There's a cooling system I would make myself for a mining rig or a pc if I could have the right things to do it, I might try sooner or later, I don't even have a gpu yet. But if I was going to do what you're thinking about doing, this is what I would do. I know you're trying to make your own mixture for optimal result right, but there's an easier way to do it. I would use this stuff besides the other metals used in your mixture, it's basically graphene particles that people add to their cooling loops, but I would add it to the metal instead. If you're going to try being capable of utilizing the aspect of thermal conductivity, then those metals you're using wouldn't be any better than if you could be using graphene, it's literally the most thermally conductive material on the planet and it's super cheap compared to making your own mixture. I say heck, I've looked at simply looking at the liquid metal needed called gallium just for staters, and that's easily over 750$ alone for one loop. Well, you could easily also simply be using mercury instead, you would, really would be able to if you tried, it's not like mercury can just kill you just by being exposed to it, it's only dangerous if you have an open wound or are down wind to the fumes leaking off it, people literally actually stick their whole arms in this stuff on YouTube, but I'm talking from a price point worthiness though, it's not less expensive.
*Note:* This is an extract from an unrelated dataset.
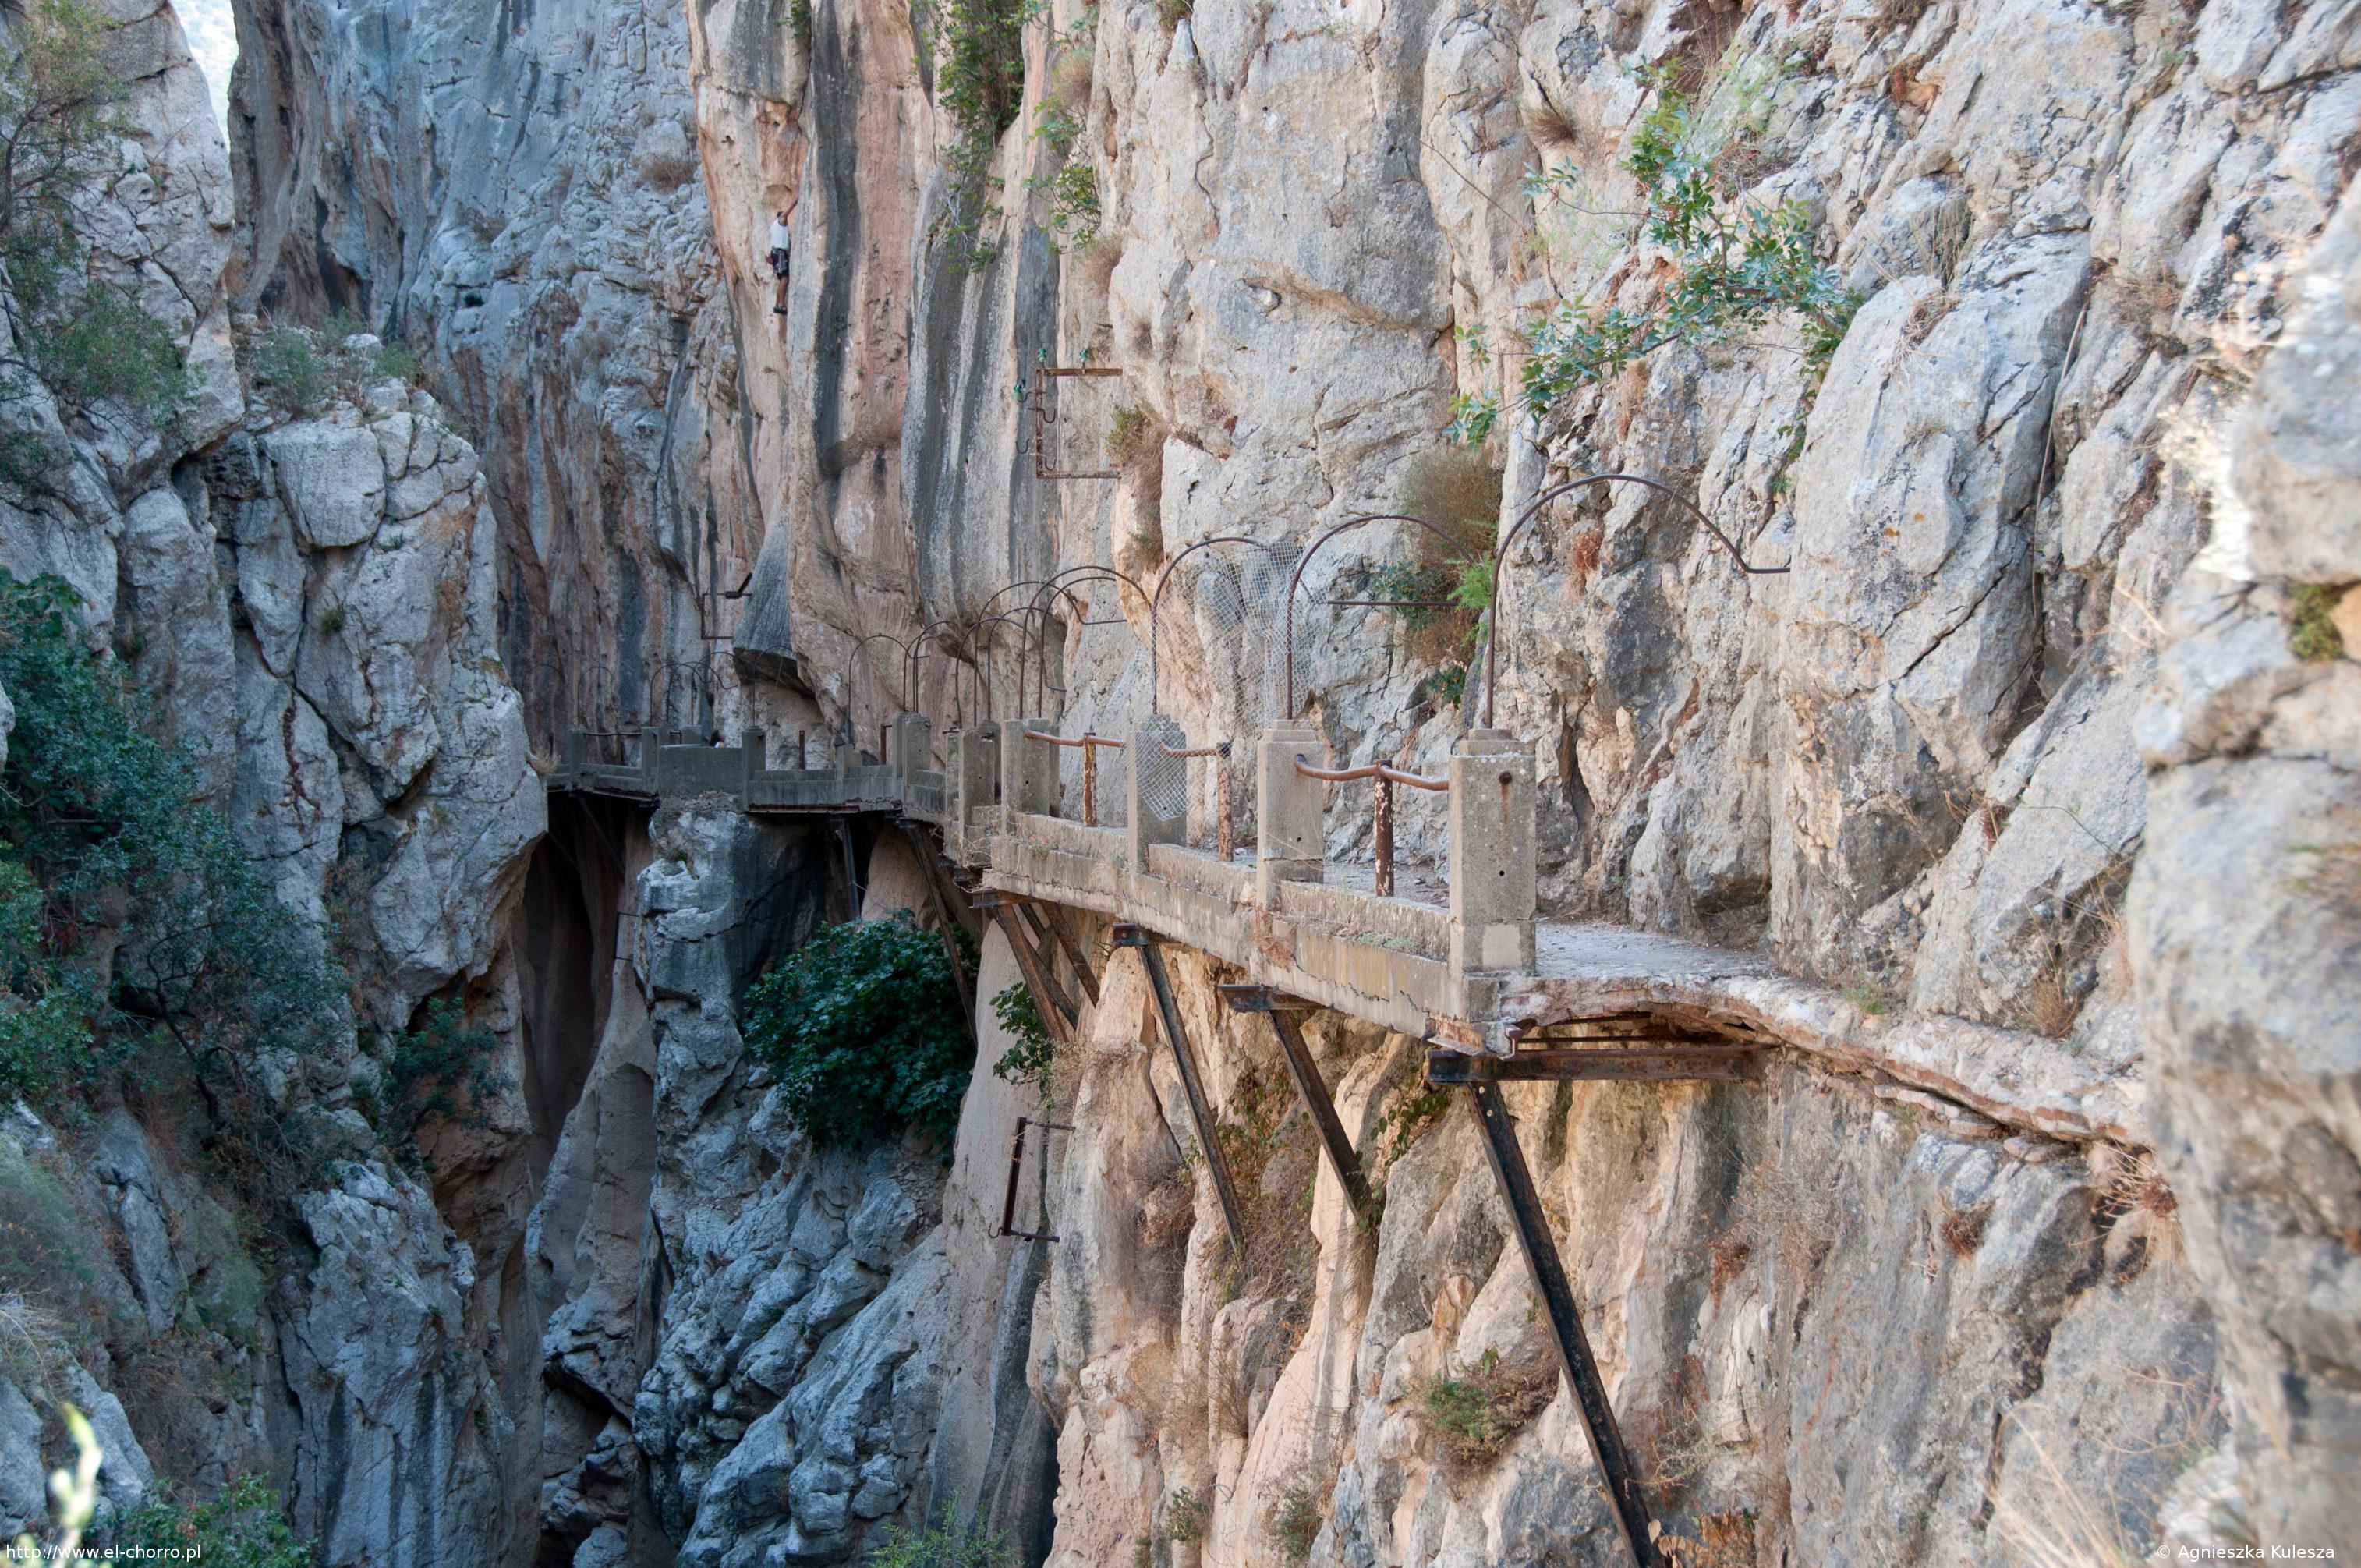 Caminito del Rey wewnątrz kanionu - Galeria zdjęć El Chorro - el-chorro.pl

I would solely use Galium because it is capable of liquid being melting point at 29.76c and any pc cpu or otherwise gpu is going to at least always run at over 30c, that's not even over clocked. I have an i7 7700k, base 4.2 and boost clock 4.5, all of the time, and it's always 36c, and I even included the Arctic Freezer II which is legitimately the best all in one aio, and there's just one fan blowing in my pc besides the aio. But what I'm saying is, it's not the matter being that it being a cooling issue, it's only a matter of getting the heat there to be cooled. I want to simply make a custom loop, adding in the Graphene and liquid Gallium, and if viscosity is ever going to be an issue, I'd just include the CPU to the gpu loop too. Yeah, it would probably be quiet stressful on any pump you could possibly be using, it might even short-circuit any pump doing the pumping too if it is a weak pump, after all, liquid metal is many times more conductive than water and not to mention you're also adding graphene to it too. Although, but if you're trying to get the best cooling performance possible out of a machine, I mean, you're probably not just going to be the weakest, cheapest water pump on the market anyway... so. I've thought about it before like water always short-circuits anything electrical, but that's not always true, I've seen how people tested out pc fans being ran under open water of a swimming pool before, and these high end water pumps now are also equipped to handle highly eclectically conductive liquids too. If you did you liquid metal and graphene materials in a cooling loop, then you get the best of both worlds, both thermally conductive and enough viscosity that it is actually capable of holding enough more heat too. You should be careful simply about what materials you're going to use to hold the loop too, it may be basically liquid, but it's still corrosive in the sense that it's thicker particles moving through a circular closed system too. I don't think it reacting to copper or nickel is seriously ever going to be a real problem, I've seen liquid metal not corrode a cpu cooling system for over a year, but reactions don't usually occur so naturally between materials unless they're being exposed to excessive heat, that's why you're building a cooling system though. But hey, if you're going to try building something from scratch, you can easily just switch up the materials being used too.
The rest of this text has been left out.